Milton Academy’s Spanish-language newspaper, La Voz, was voted the country’s best high school newspaper in a competition sponsored by Sonoma State University this year. Second and third places went to La Pietra – Hawai’i School for Girls in Honolulu, for Pasaporte, and Sonoma Academy in Santa Rosa, California, for El Coyotl.
La Voz was first published at Milton in 1985, and began by reporting on School issues and some world affairs. In 1987, its sophistication was kicked up a notch when Mike Kobb ’88 redesigned it, matching the excellent content with a more modern format. Since then, La Voz has published three (and sometimes four) issues each year, covering politics, arts and, at points, including its own la Tia Tula (Dear Abbey) column. A recent issue included reviews of Spanish and Mexican restaurants, a listing of community service opportunities in Boston’s Latino community and a news story on the status of Latinos taking the MCAS test, a graduation requirement for Massachusetts public school students.
2002-2003 co-editors Georgie Konesky (I) and Parker Rider-Longmaid (II) are experts at the helm: Parker takes Spanish V (A.P.) and Georgie, who is managing editor of an English newspaper, The Milton Measure, enjoys Spanish Film & Social Change, an elective course for advanced students.
“Because my mom teaches Spanish, it has always been part of my life,” Georgie says. “I want to be a journalist. Last summer, my internship was at El Mundo, a Spanish-speaking newspaper in Jamaica Plain [Massachusetts]. I’ve loved working on La Voz because it combines my passions: journalism and Spanish.
“In the past, the paper has been a great way for students to practice their Spanish. Now, it’s also a way to bring Hispanic issues and culture to the student body. In fact, we’ve added an English section to address issues that are relevant beyond the Hispanic or Spanish-speaking community,” Georgie says.
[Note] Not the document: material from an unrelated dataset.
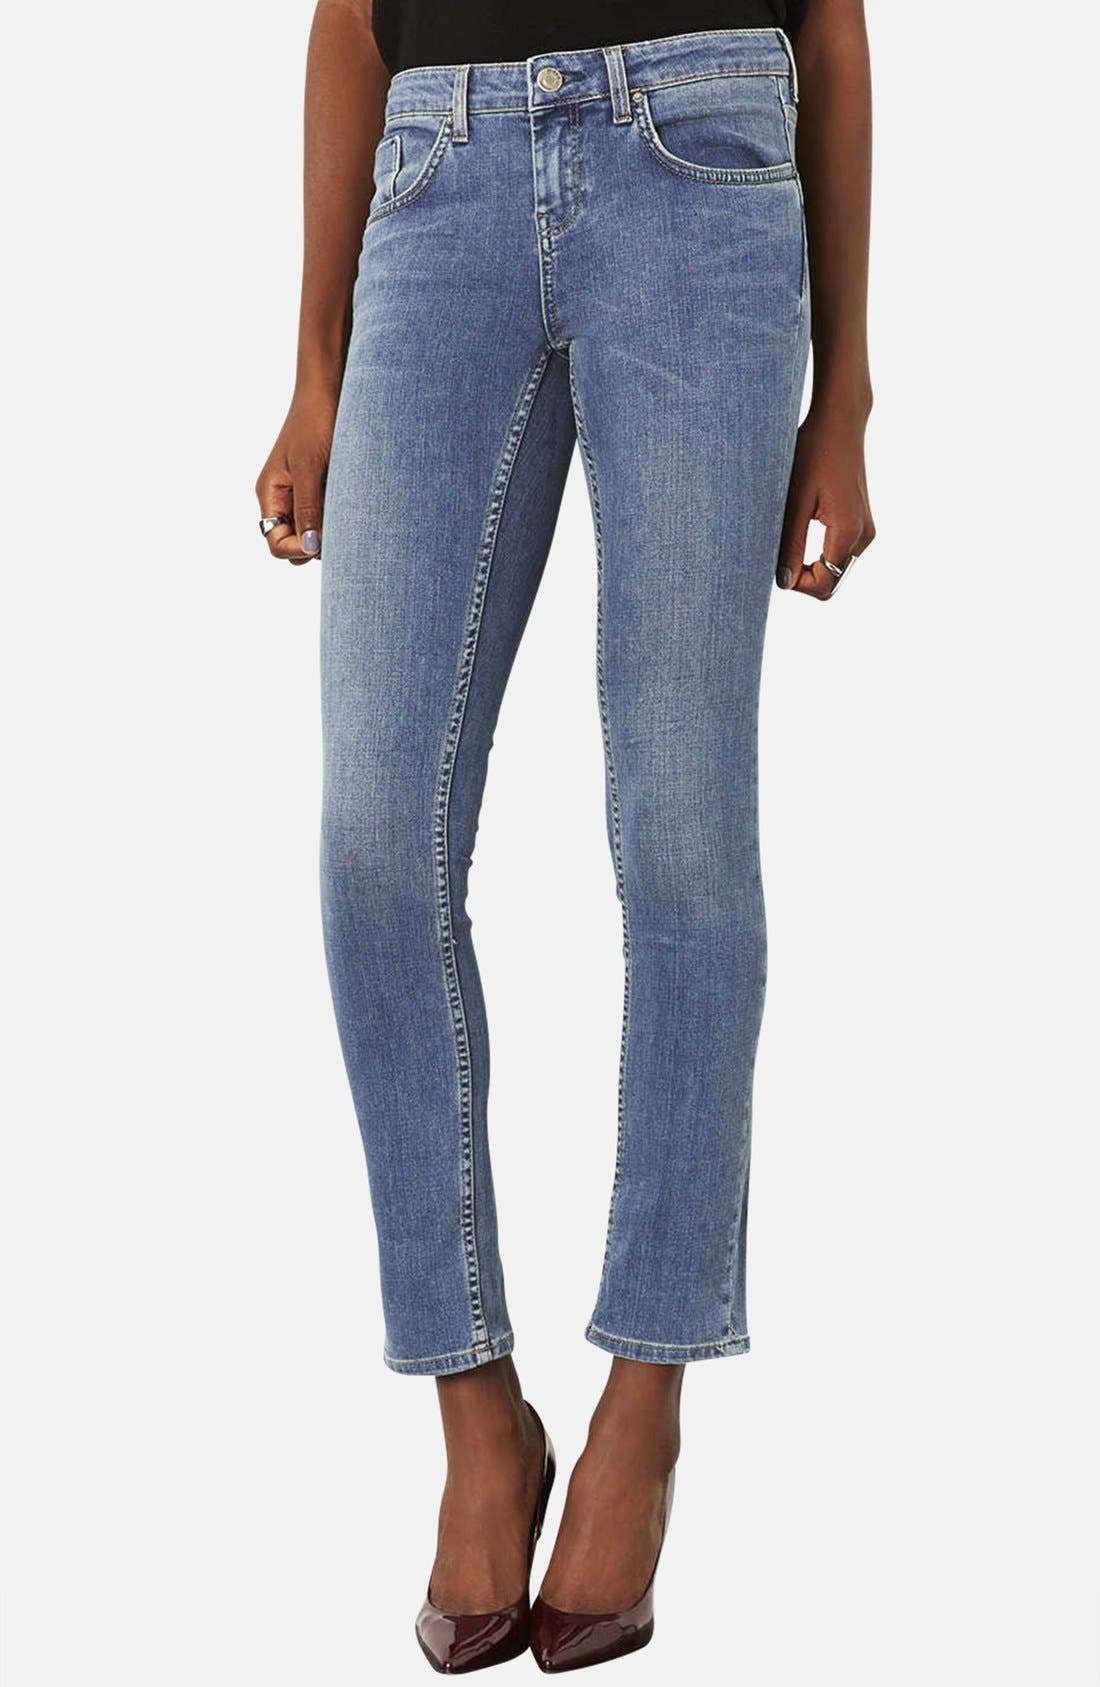 Main Image - Topshop Moto 'Vintage Baxter' Skinny Jeans (Mid Stone) (Short)

“We’ve done a lot with design this year, too,” says Parker, who will remain a co-editor next academic year. “Designer Kyle Du’s work has been spectacular.” The co-editors also say that the quality and enthusiasm of this year’s staff is reflected in the publication. Next year, Parker says, augmenting original photography will become a priority.
“The greatest strength of La Voz,” says Ana Colbert (modern languages), who co-advises the staff with Jenny Stortz (modern languages), “ is that it is totally student produced. They choose their leaders, plan the articles and lay out and edit the content. All Jenny and I do is give advice, continuity and a final round of editing each issue.”
Bernard Planchon (modern languages chair) applauds the effort. “This is a tremendous honor and a well-deserved tribute to Ana and Jenny’s passion and indefatigable work with students,” Bernard says. “It also confirms the superlative level attained by our Spanish students in recent years.”